Comercio Partners’ study added in their second half (H2) macroeconomic and markets outlook, “There would be more activities in the equity space, as banks given the ongoing recapitalization would raise more capital to meet the benchmark.”

Since banks stepped up their capital-raising initiatives, the volume of activity on the Nigerian stock exchange has peaked.

Banks that have completed their capital raising programs on the exchange include Fidelity, GTCO, and Access Holdings; however, FCMB Group and Zenith Bank are still looking to sell shares.

A two-year bank recapitalization project, starting on April 1 and finishing on March 31, 2026, was announced by the Central Bank of Nigeria (CBN) on March 28, 2024.

In their most recent mid-year economic report, analysts at Lagos-based Coronation Research stated that “the exercise would potentially lead to the influx of capital into the domestic economy through offshore capital-raising activities and strengthen the capacity of lenders to support credit creation in the real sector as stronger and more resilient banking entities emerge post-recapitalization.”

“On the other hand, the exercise might encourage risky behavior in an effort to raise the necessary capital, and it would dilute returns for current bank shareholders.”

The analysts added, “Furthermore, the recapitalization exercise could lead to the concentration of market power for a few banks.”

The market’s return for this year, which as of July 31 was +30.76 percent, has been declining recently. On Friday, August 23, it was at +28.35 percent.

“The Nigerian stock market began the year strong, with significant gains in January, but the momentum reversed in the following months as the CBN’s hawkish stance and disappointing corporate earnings eroded investor confidence, leading to a largely bearish first half,” Meristem analysts stated in their half-year 2024 report.

“For the rest of the year, we anticipate that the equities market will trade sideways.
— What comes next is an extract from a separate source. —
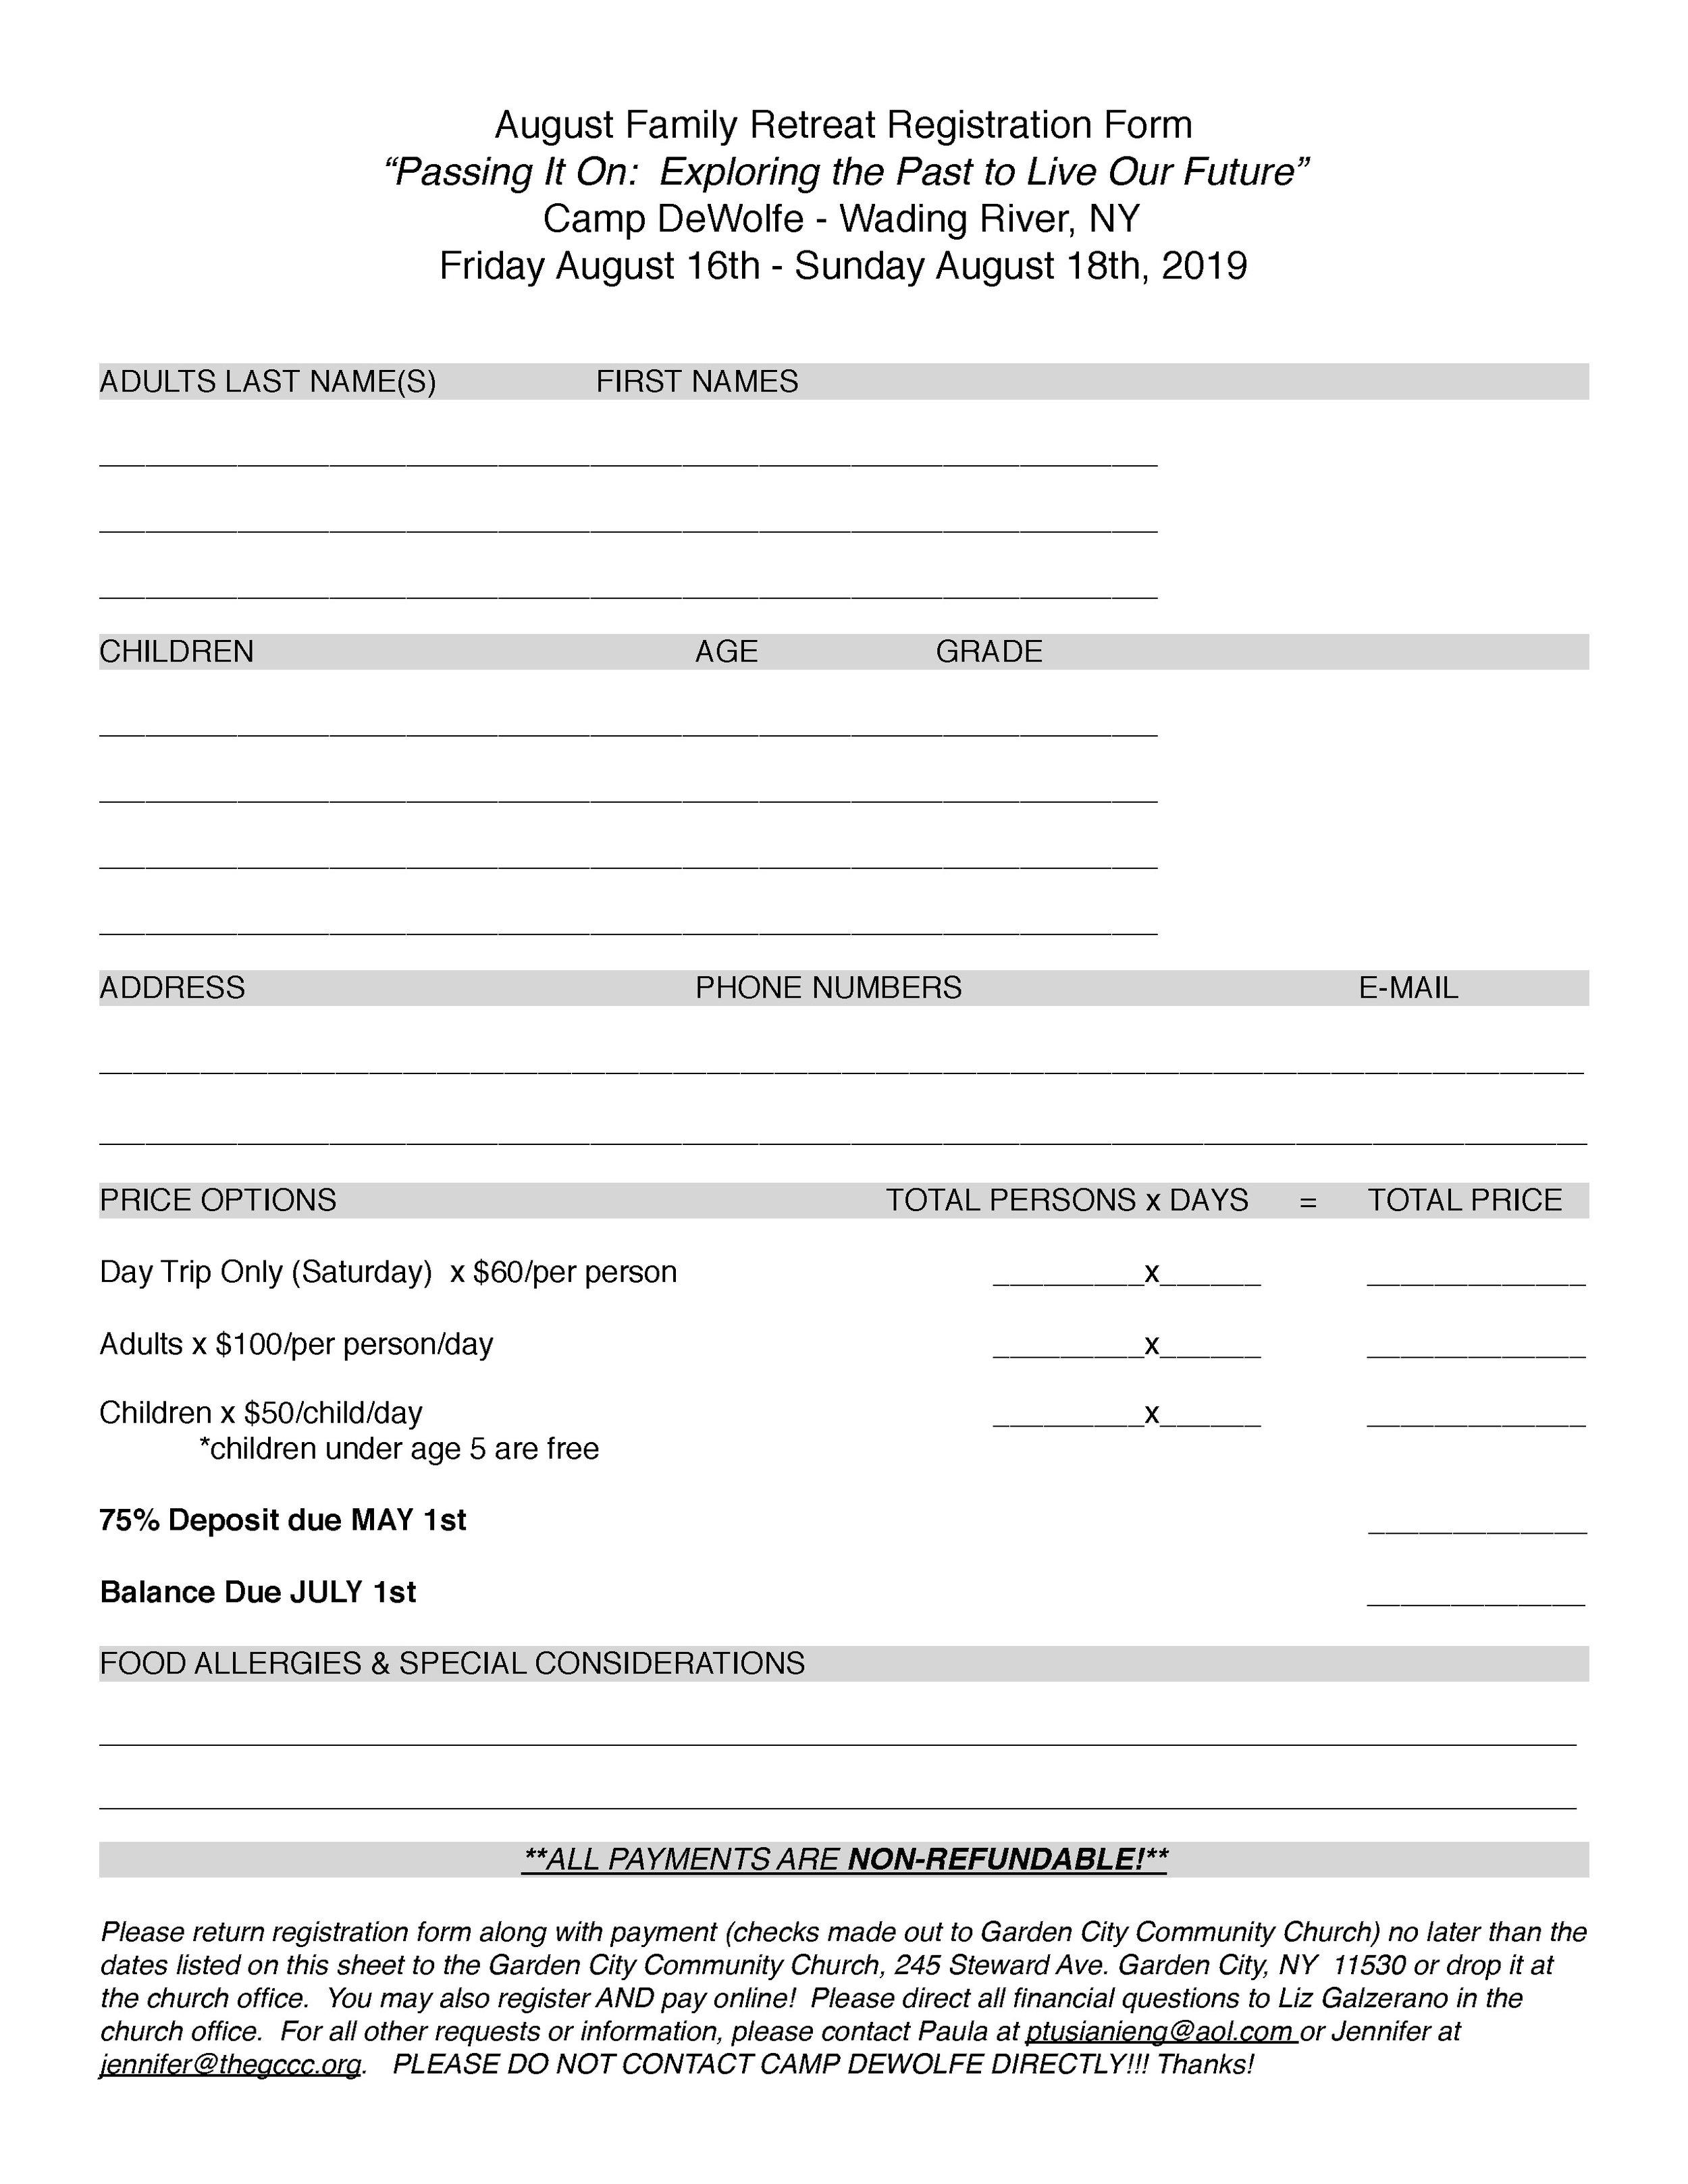 08-16-19 - Family Retreat Registration  2019.jpg

Nonetheless, we anticipate an overall favourable picture for the Nigerian stocks market in 2024, as corporate actions and performances, as well as increased liquidity in the foreign exchange market, raise investor sentiment, impact activity levels, and drive development in the local bourse.”

In the first seven months of 2024, domestic stock purchasers led the exchange in transactions, nearly doubling to N2.497 trillion from N1.96 trillion in the same period in 2023, according to the NGX’s domestic and foreign portfolio investment (FPI) report.

In a report titled “Tightrope, Balancing Growth,” Coronation Research analysts added, “Banks may meet the new requirement through the following options: issuance of new common shares (by way of public offer, rights issues, or private placements); mergers and acquisitions (M&As); and upgrade/downgrade of their respective license category or authorization.”

Retail investors also doubled their equity transactions during the study period, reaching N1.27 trillion in seven months as opposed to N640.44 billion during the same time in 2023. The value of transactions made by domestic institutional investors was N1.226 trillion, which is less than the N1.328 trillion recorded from January to July of 2023.

The CBN’s recapitalization plan stipulates that commercial banks holding national, regional, and international licenses must have a minimum of N50 billion, N200 billion, and N500 billion in capital, respectively. Additionally, the CBN increased the capitalization thresholds for non-interest banks (national, N20 billion, and regional, N10 billion) and commercial banks (N50 billion).